How to Relieve Carpal Tunnel Pain at Work

Relieve Carpal Tunnel Pain at Work

If you work a desk job, do demanding physical labor on a daily basis, or deal with writing and typing at work, keeping your carpal tunnel pain at bay isn’t easy. If years of working with your hands have created long-lasting nerve pain, the last thing you want to be doing is exacerbating that at work. Still, people with carpal tunnel syndrome can’t just opt out of working for a living. There will be times when you’ll be in pain at work and you’ll be expected to power through it. But if you’ve seen orthopedic hand specialist recently, you’ll know that there are more than a few ways to ease your suffering while on the job. If you want to relieve your CTS pain at work, here are a few things to try.

Go Ergonomic

Carpal tunnel can flare up for any number of reasons: Bad weather, back pain, too much stress. However, if there’s one thing you can do to help your entire body feel more at ease during a long week, it’s investing in ergonomic chairs, pillows, mousepads, and whatever else you need to protect your body from feeling stress and pain from flaring up. Ergonomic business supplies aren’t that expensive and even just purchasing a keyboard with a pad attached will help you rest your hands while typing or doing other repetitive motions.

Take Breaks

No matter how busy or stressful it gets at work, you won’t gain anything from pushing through the pain of a carpal tunnel flare-up. When your hand starts to hurt, don’t wait: Stop what you’re doing and take a five-minute break. Use this time to do stretches or simply to relax. If you need to get up and walk around, space out your breaks so you can have longer periods of rest. Whatever you do, don’t forget to pace yourself. Even though the pain seems spontaneous, it responds to stress and will feel better after periods of prolonged rest. If you’ve been typing for a while, try doing something else that doesn’t require using your hands, like reading or making a few phone calls: Whatever it takes to give your hands and wrist some downtime.

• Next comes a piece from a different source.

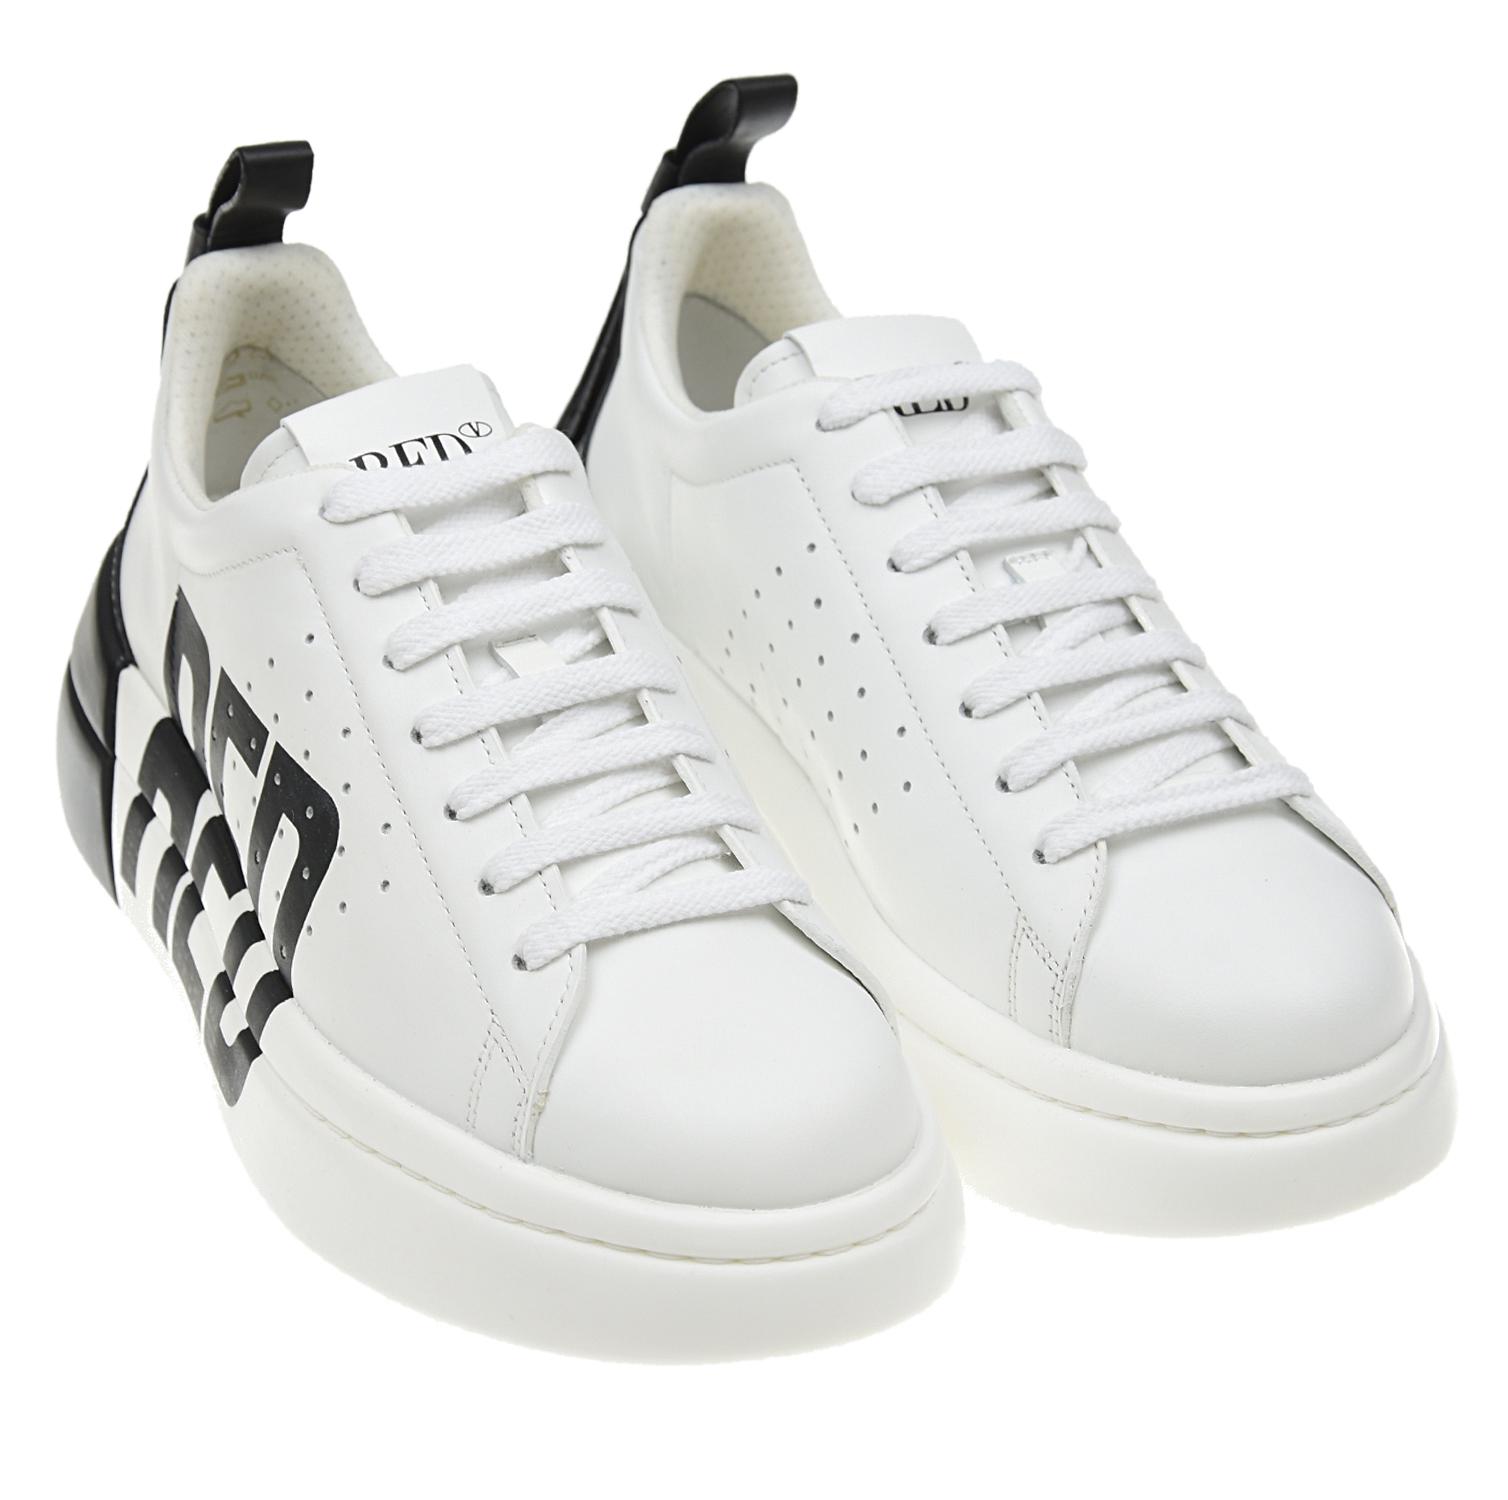 Купить Черно-белые кроссовки с контрастным логотипом Red Valentino, Белый, Верх:100%нат.кожа, Подкладка:100%полиэстер, 100%нат.кожа, Стелька:%3, Подошва:100%полиуретан

Use the Voice Memo Function

If you spend a lot of your day composing emails or writing out letters, using the voice function on your phone or desktop can be a huge help. Whether it’s more helpful to have a special program that transcribes your voice as you speak or to record yourself talking and hire a transcriptionist, the time you’ve saved from putting stress on your wrists will be worth it. Even if it takes a bit more time to get everything written out, you’ll still be getting the work done and keeping the pain at bay. The more repetitive tasks you perform, such as typing, the more inflamed your CTS will get. Any tools you can use to allow you to type less and rest more will be worth their weight in gold.

Use Braces and Supports

Never underestimate the importance of uses supports at work. Even if you don’t use your hands for your job, keeping your wrists straight and in a neutral position is hard to do on your own. When they fall out of this position, you risk inflammation and pain. That’s why investing in a strong, supportive brace or splint can help you take the pressure off your hands for longer periods of time. You can even find specially-crafted gloves that work to support your hands and keep your wrists neutral while you work. If you can invest in these tools, do so. Along with some anti-inflammatory meds and supplements like turmeric, fish oil, spirulina, and ginger, you’ll be able to keep the pain from swelling up in the course of a long workday.

Change the Temperature

Change the Temperature

When the cold weather kicks in, CTS has a nasty habit of flaring up, making the workday miserable for people who have to deal with cold, drafty offices or outdoor jobs. If you’re feeling the pain acts up, try turning the heat up if you can. Even taking a break and brewing a hot cup of tea, preferably made with anti-inflammatory herbs and spices, can be a nice, soothing way to relieve the pain for short periods of time. If you wake up with a stiff, inflamed wrist during the winters, try warming your hands up with heat packs during your morning commute. Whatever you do, make sure you’re not exposing your hands to the cold during your workday.